Easy Trip Planners, the holding company for online travel portal easemytrip.com, is set to raise up to Rs 510 crore through IPO which opens on March 8th, Monday.
About Easy Trip Planners
- Easy Trip Planners is the second largest online travel agency in India (after MakeMyTrip), in terms of gross revenue. The online travel agency offers a range of travel products and services and end-to-end travel solutions including airline tickets, rail tickets, bus tickets, taxis, holiday packages, hotels, and other value-added services i.e. travel insurance, visa processing, etc.
- Easy Trip operates through its website, and mobile app. The company follows B2B2C (business to business to customer), B2C (business to customer), and B2E (business to enterprise) distribution channels to offer its services.
- They provide their customers with access to more than 400 international and domestic airlines, and nearly 10.9 lakh hotels in India and in international jurisdictions, almost all railway stations in India as well as bus tickets to and cab rentals for major cities in India. However, Yet more than 75% of its air-ticketing revenue is dependent on five domestic airlines.
- Easy Trip earns more than 90% of its revenue through air tickets booked on its website and mobile application.
Comparison with peers
- Ease My Trip’s market share in the Indian online travel agency industry in terms of gross booking revenues was around 5% in FY20.
- Easy Trip Planners (which operates the OTA) had overtaken Yatra by registering 2.1 million trip bookings during the nine months ended December 31, 2020. In comparison, MakeMyTrip had segment bookings of 5.3 million and Yatra had trip bookings of 1.52 million.
- The company's marketing and sales promotion expense as a percentage of gross booking revenue stood at 0.83% in the 2020 financial year, as compared to 2.73% for MakeMyTrip and 0.96% for Yatra.
- There are no listed peers.
Impact of Covid-19
- Covid-19 has severely impacted Easy Trip’s gross booking revenue and gross booking volume, as the there were travel restrictions for most part of the year. Gross booking revenue declined to Rs 1,220.75 crore in the nine months ended December 2020 from Rs 3,179.80 crore in the same period previous fiscal. Gross booking volume dropped to 1.77 million in the April-December 2020 period from 4.05 million in the previous year.
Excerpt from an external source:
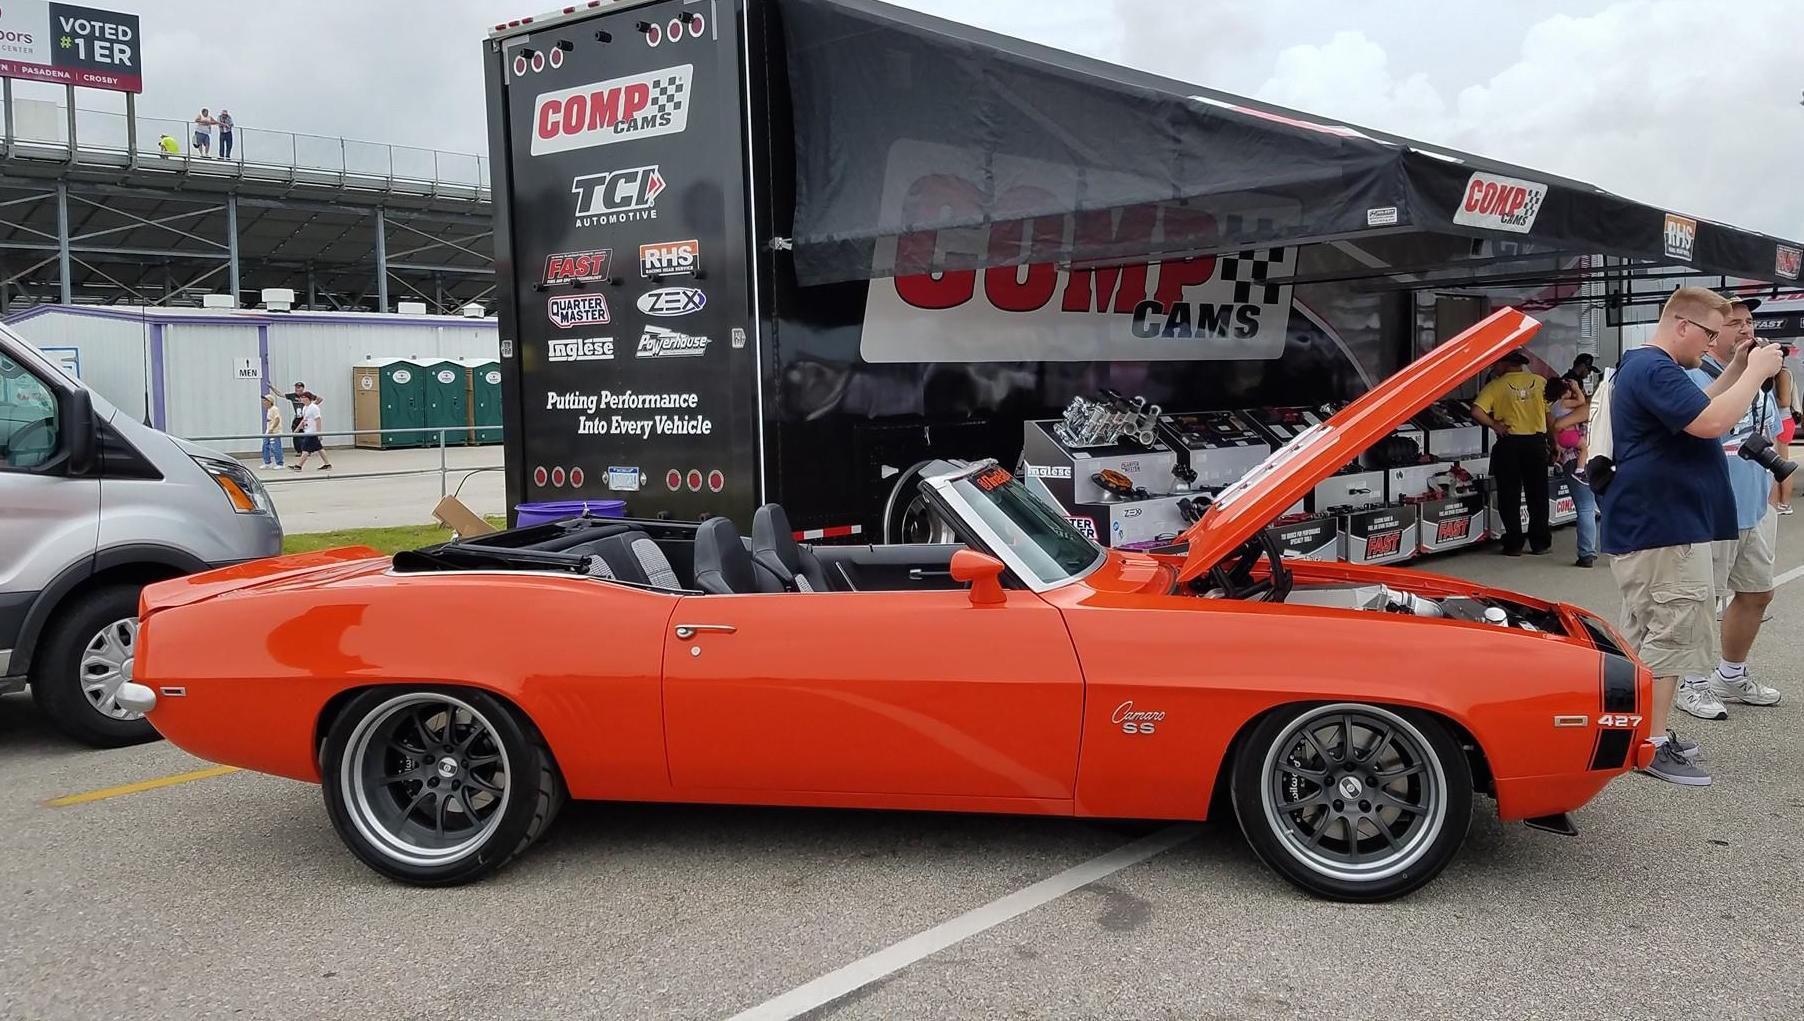 1969 Chevrolet Camaro | Tony Whatley's '69 Camaro SS 350 Convertible on Forgeline GZ3 Wheels

- Gross booking volumes in October-December 2020 quarter have reached 70% of that achieved in the third quarter of the last financial year, according to the company’s management.
- The company has seen a good growth in topline over the last 3 years, with revenue from operations increasing from Rs 114 cr in FY18 to ~Rs 181 cr in FY20. For the first 9 months of FY21, the company has earned revenue of Rs 81.5 crore.
- The net profit has also grown from Rs 3 lakh in FY18 to about Rs 33 crore in FY20. Due to IAS accounting provisioning and write-off for a discontinued business of Bollywood funding plans, its bottom line for FY18 got affected, lading to a profit of just Rs 3 lakh in that year.
- For FY20 and 3Qs of FY 21, its trade payables increased from 20.64 cr. to Rs. 56.17 cr. and trade receivables too increased from 10.36 cr. to Rs.21.10 cr. This may raise some concerns. Further, bank deposits declined from Rs. 65.82 cr. to Rs. 31.27 cr.
- The OTA’s refunded customers even before airlines began doing it, dipping into its cash reserves of Rs 200 crore. The company also continues its practice of not charging convenience fees.
- While the company had a net profit margin of 23.33% at the end of FY20, peers MakeMyTrip and Yatra were in the negative.
- The company has not paid any dividends so far.
About the issue
Issue open: 8th Mar - 10th Mar 2021
Price band: Rs 186-187 per share
Issue Size: Rs 510 crore (Gross)
Issue Size: It comprises an offer-for-sale of 2.72 crore shares, amounting to 25.10% of the paid-up equity.
Reservation for QIB: 50% , Retail - 10%, Non institutional Investors -15%.
Bid lot: 80 shares, and in multiples of 80 shares
Post issue market cap: ~Rs 2,031 crore
At the higher end of the price band, Easy Trip Planners IPO is priced at a PE ratio of ~62 times FY20 earnings per share. While this seems to be aggressively priced, the company has posted robust growth in topline and bottomline over the last few years. The company has been consistently profitable since incorporation, and posted a robust net margin of 23% in FY20, even as peers made losses. It also has a debt-free balance sheet. The expectations of a quick rollout of the vaccine would also improve outlook for the company’s business going forward.
Given strong revenue and profit growth over the last few years, stable margins, good return ratios, asset-light model, and robust growth outlook, we remain positive on the prospects of the issue.